All pictures are to be dropped, and the remaining data set down exactly.

Supplied data |
------------------------------

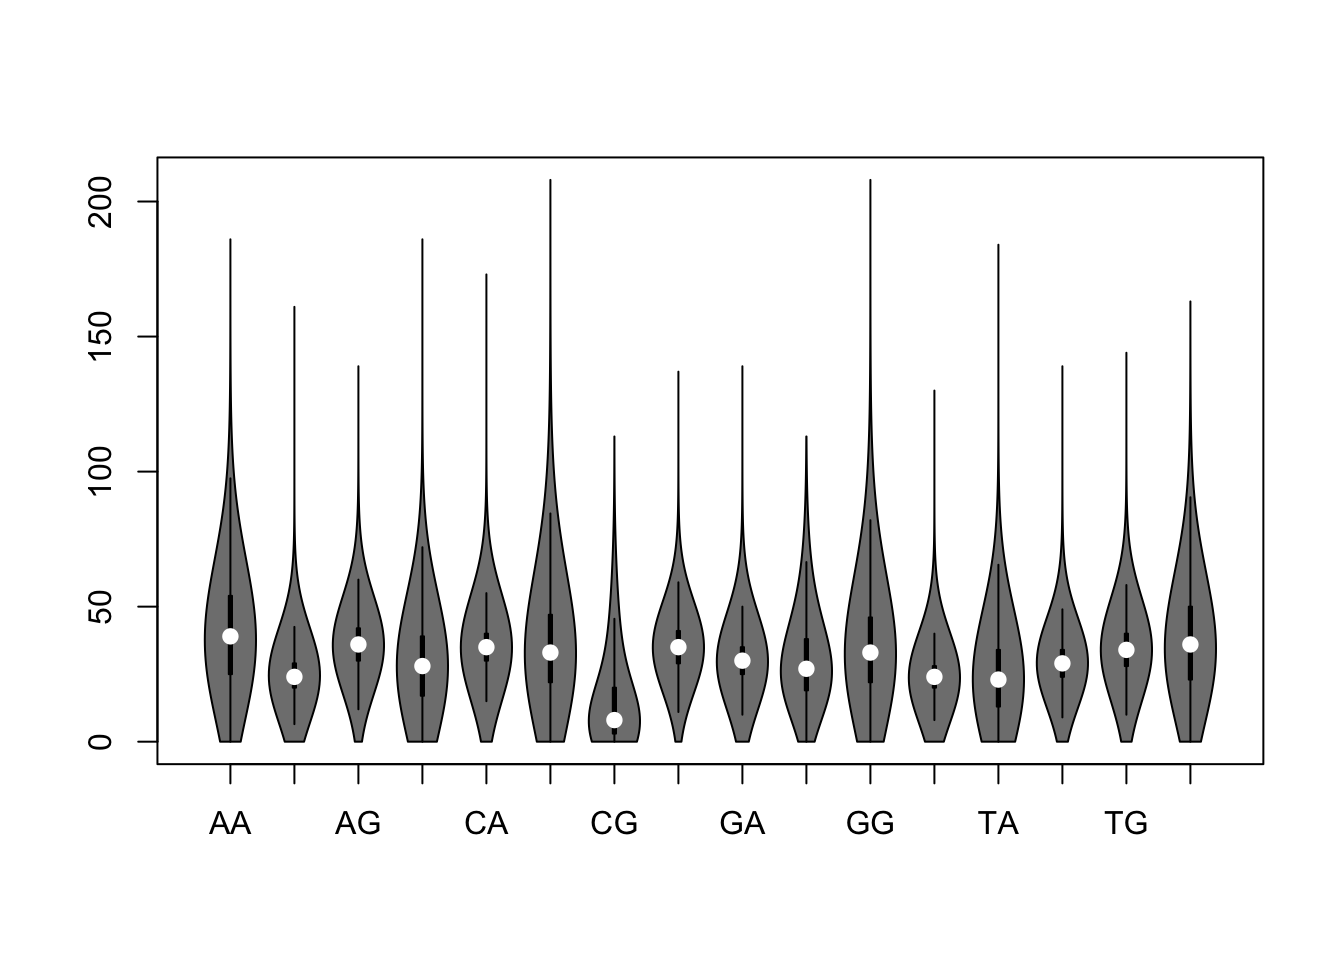 Violin plot of dinucleotide counts in promoter sequences
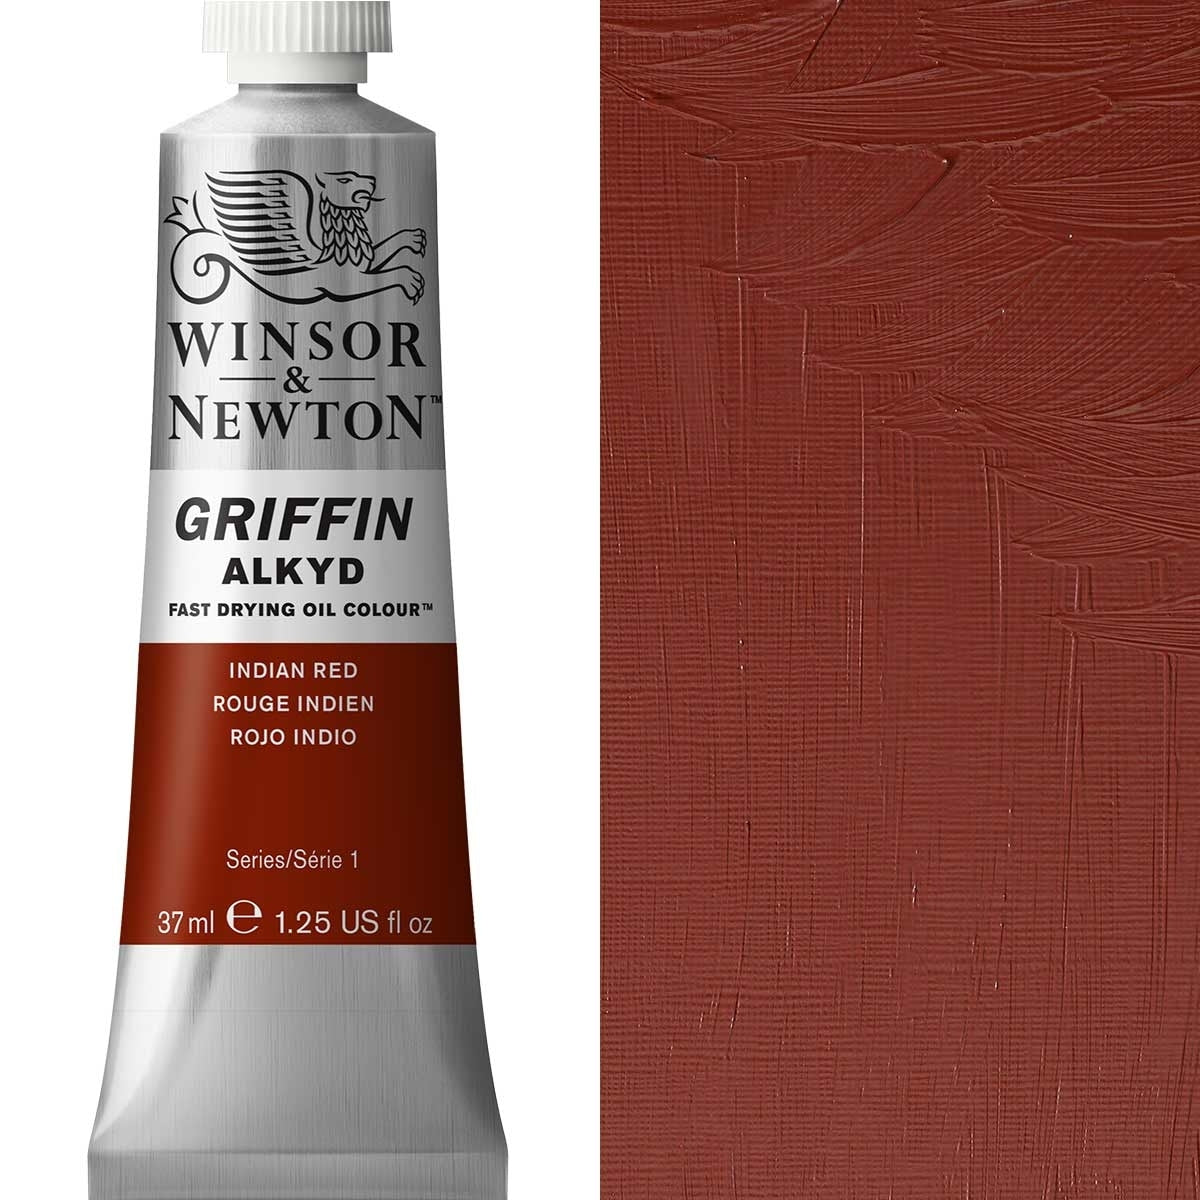 Winsor and Newton - Griffin ALKYD Oil Colour - 37ml - Indian Red
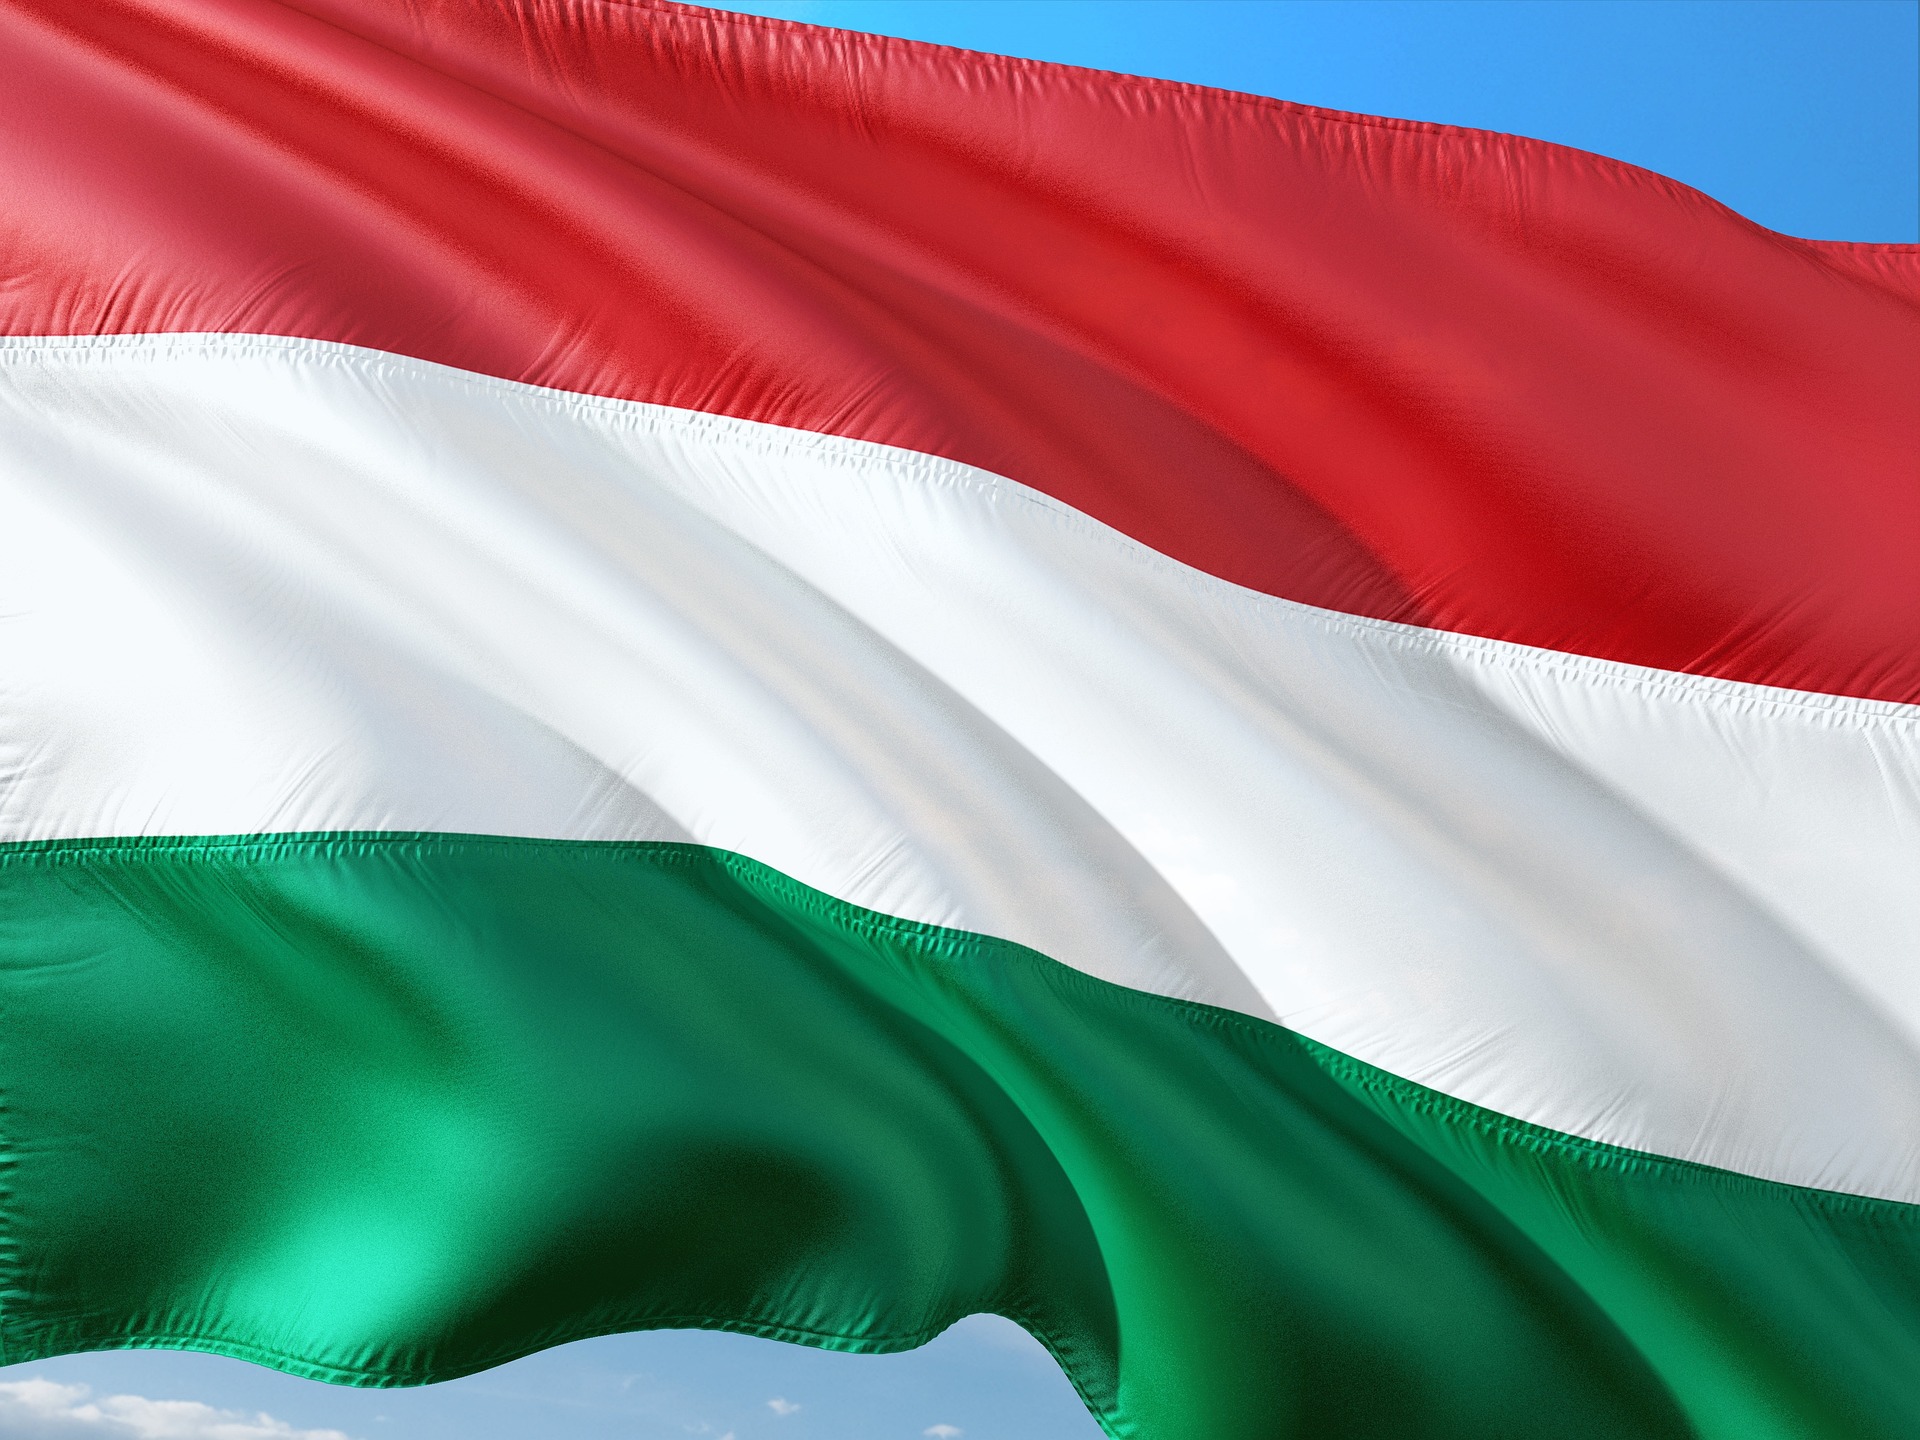 Hungary receives threat from EU leaders to ‘politically rape’ them
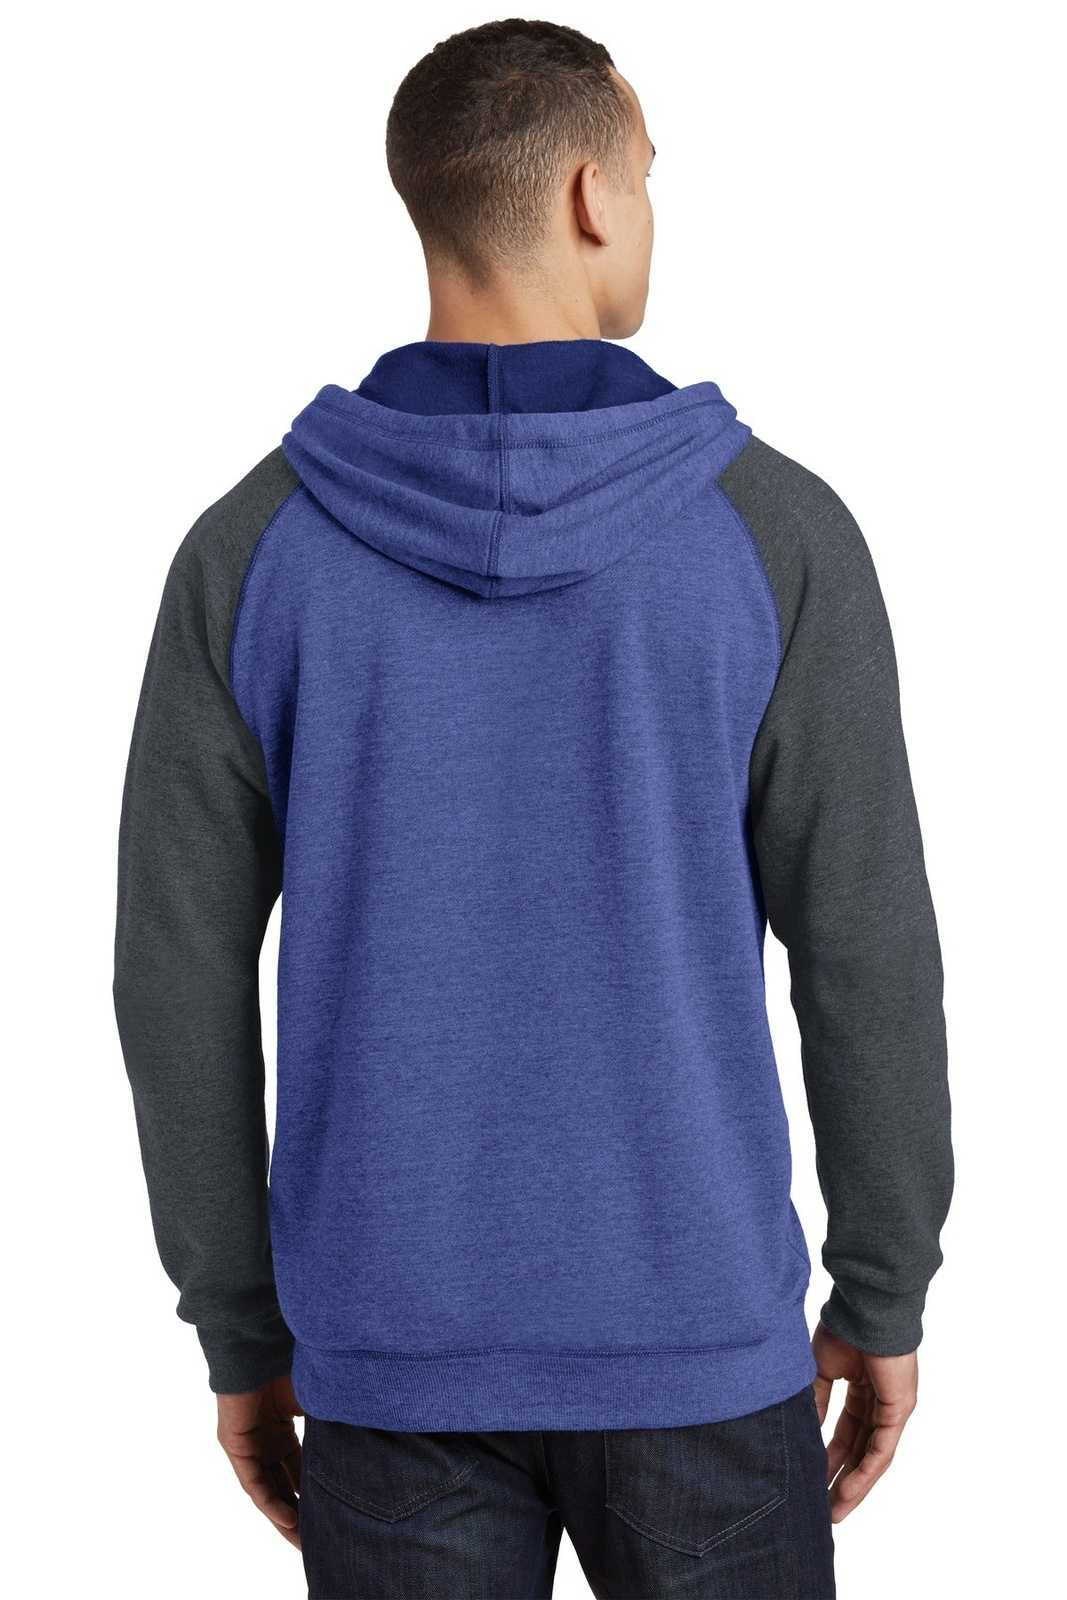 District DT196 Young Mens Lightweight Fleece Raglan Hoodie - Heathered Deep Royal Heathered Charcoal - HIT a Double - 1

------------------------------

Solution |
 Violin plot of dinucleotide counts in promoter sequences
 Winsor and Newton - Griffin ALKYD Oil Colour - 37ml - Indian Red
 Hungary receives threat from EU leaders to ‘politically rape’ them
 District DT196 Young Mens Lightweight Fleece Raglan Hoodie - Heathered Deep Royal Heathered Charcoal - HIT a Double - 1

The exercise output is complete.